▶ **Stored data**

══════════

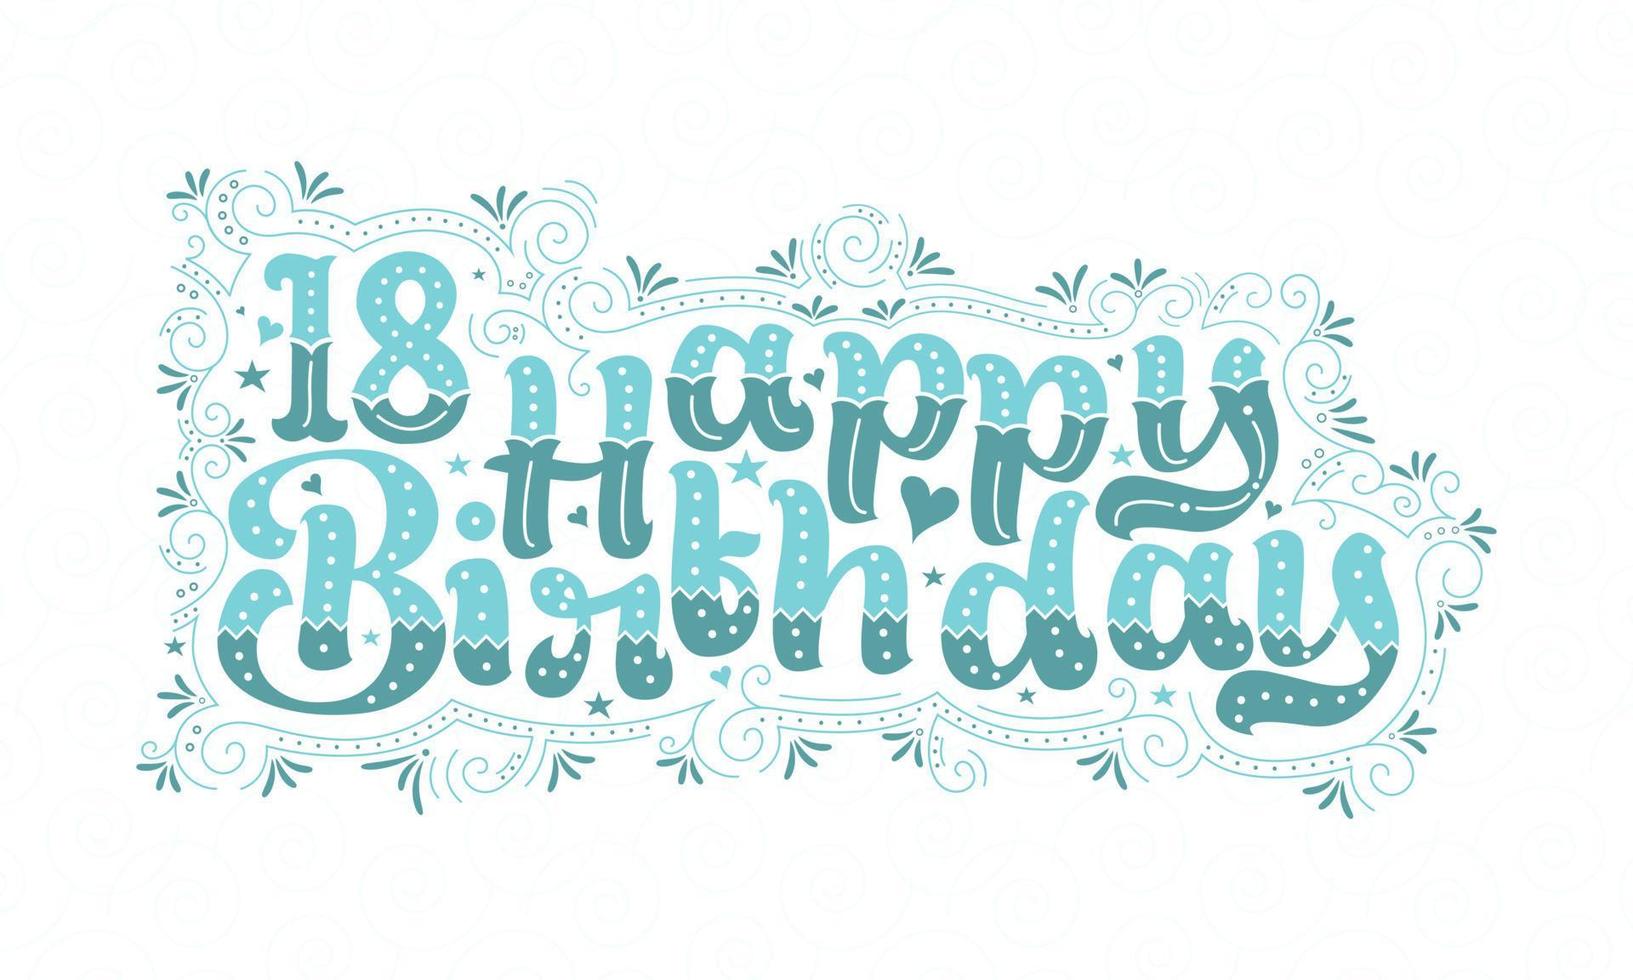 18° buon compleanno lettering, 18 anni compleanno bellissimo design tipografico con puntini, linee e foglie acqua. vettore
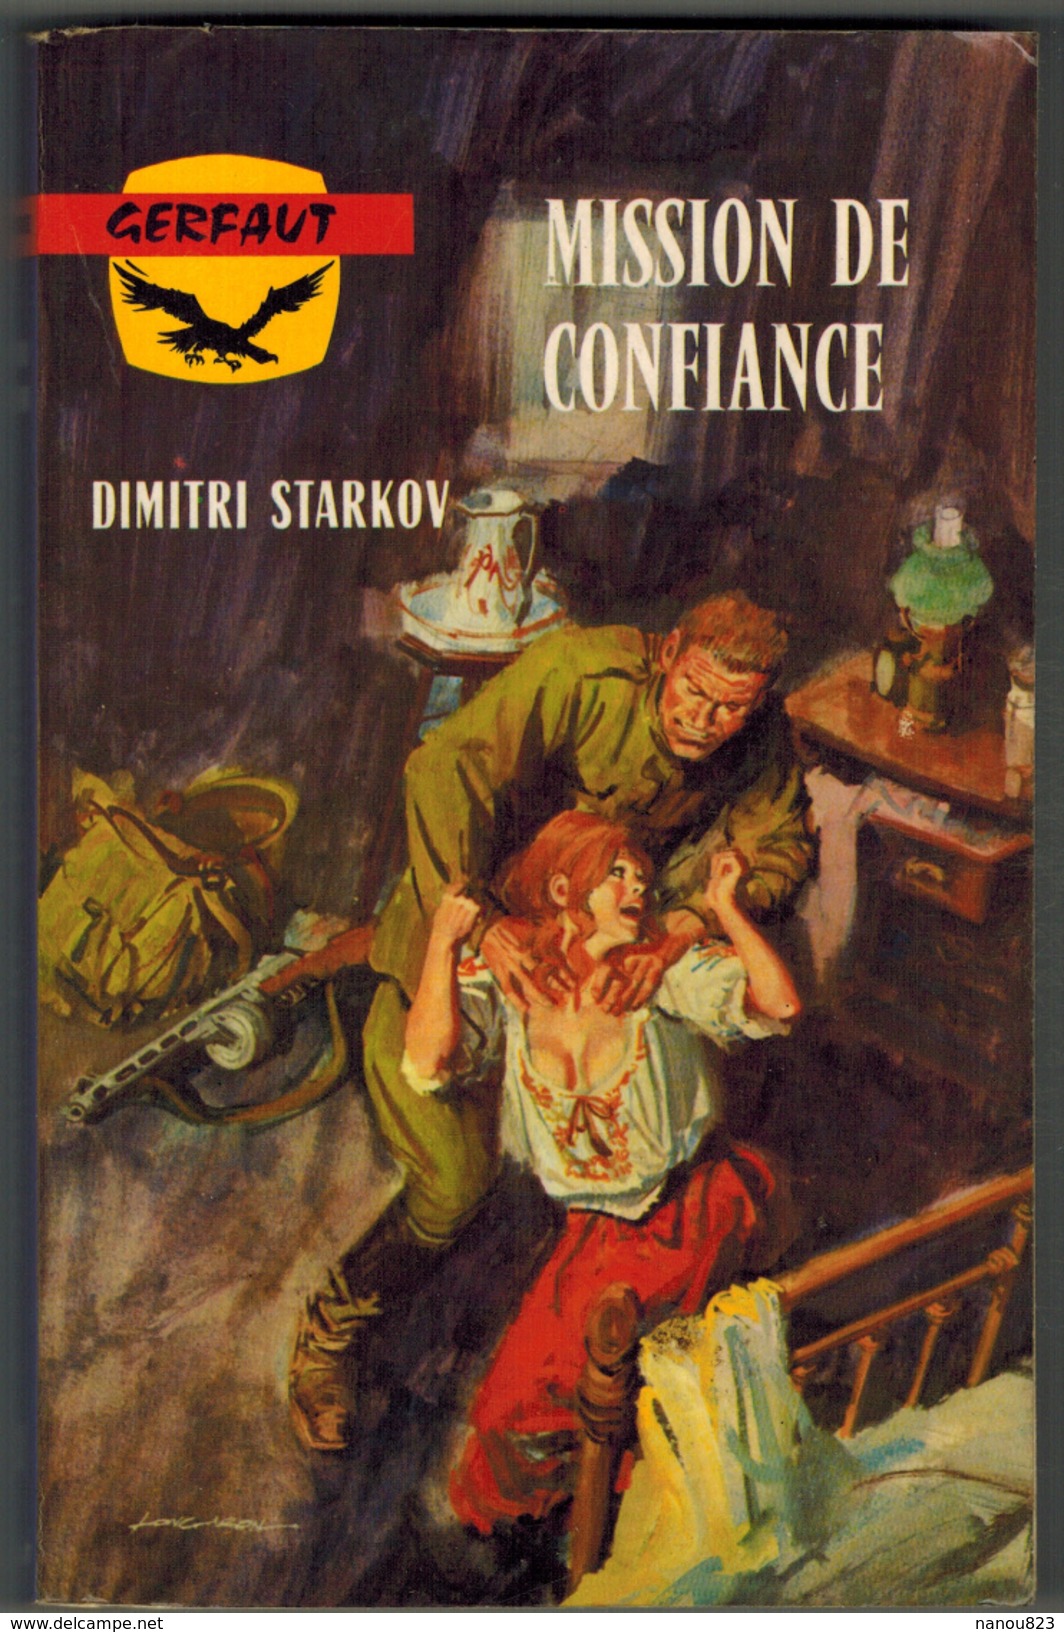 GERFAUT - Guerre - Dimitri STARKOV - Mission De Confiance - N° 230 - 1973 - Gerfaut, Ed. Du
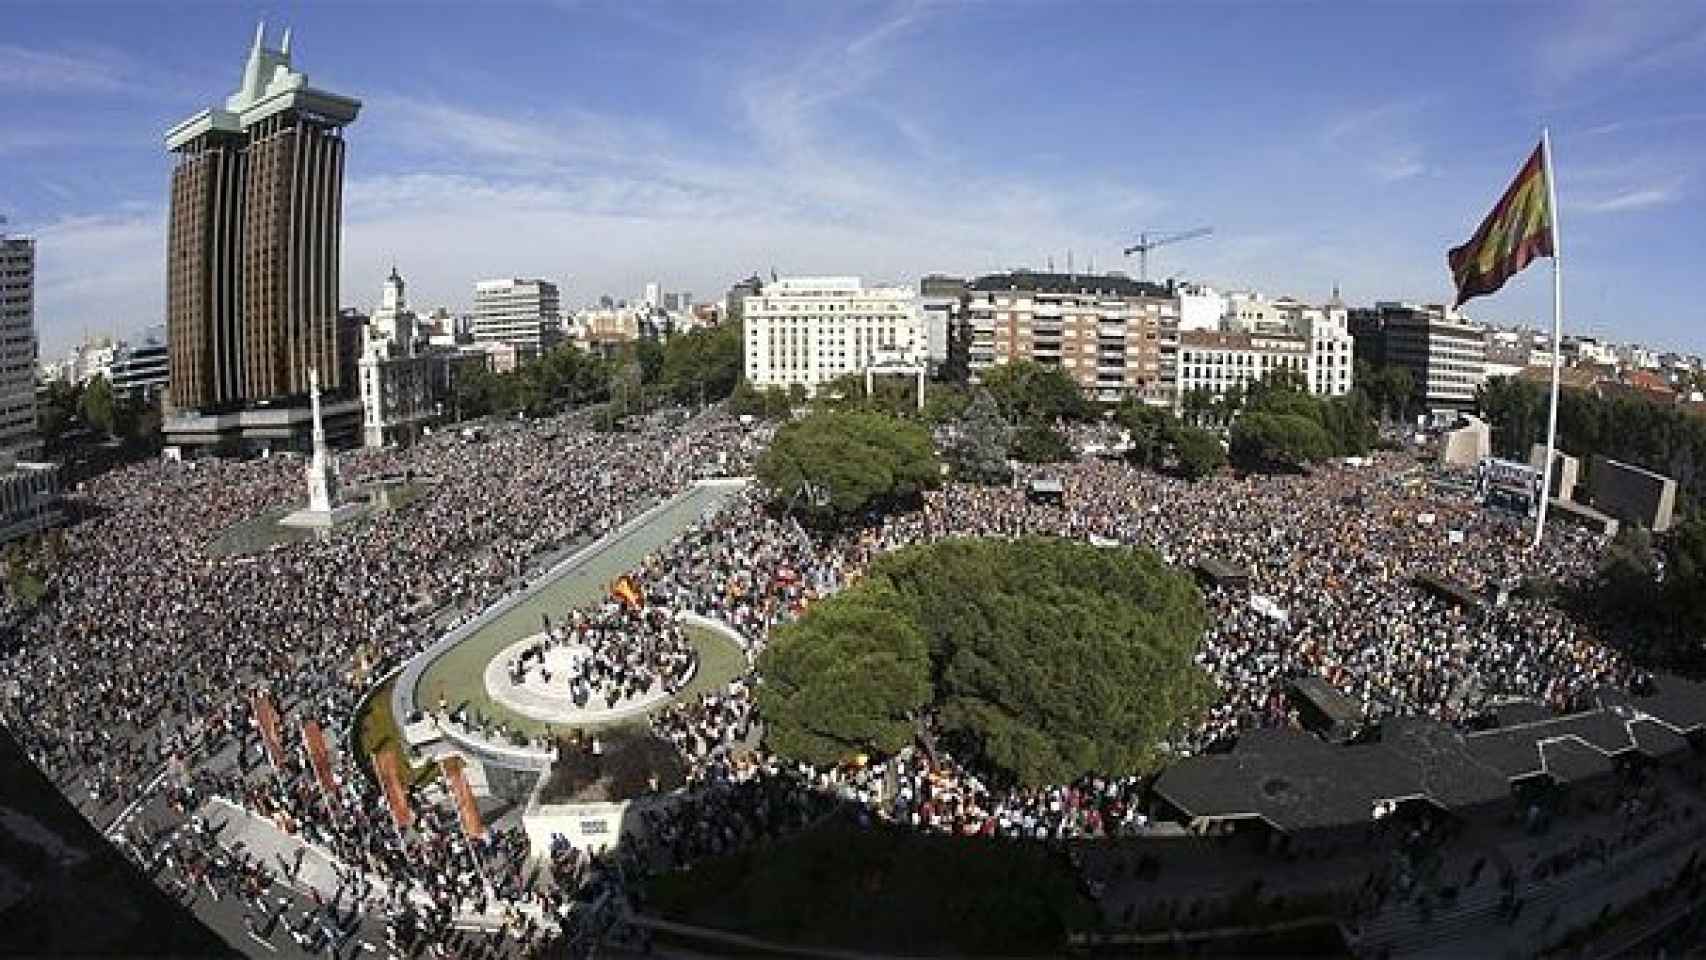 Aspecto de la Plaza de Colón y aledaños durante la concentración contra la decisión del TEDH

══════════

▶ **Aim of the task**
Lines from the start of the listing above through the line holding "GERFAUT - Guerre" are to be duplicated exactly, and nothing more; leave out the pictures.

▶ **Answer**
 18° buon compleanno lettering, 18 anni compleanno bellissimo design tipografico con puntini, linee e foglie acqua. vettore
 GERFAUT - Guerre - Dimitri STARKOV - Mission De Confiance - N° 230 - 1973 - Gerfaut, Ed. Du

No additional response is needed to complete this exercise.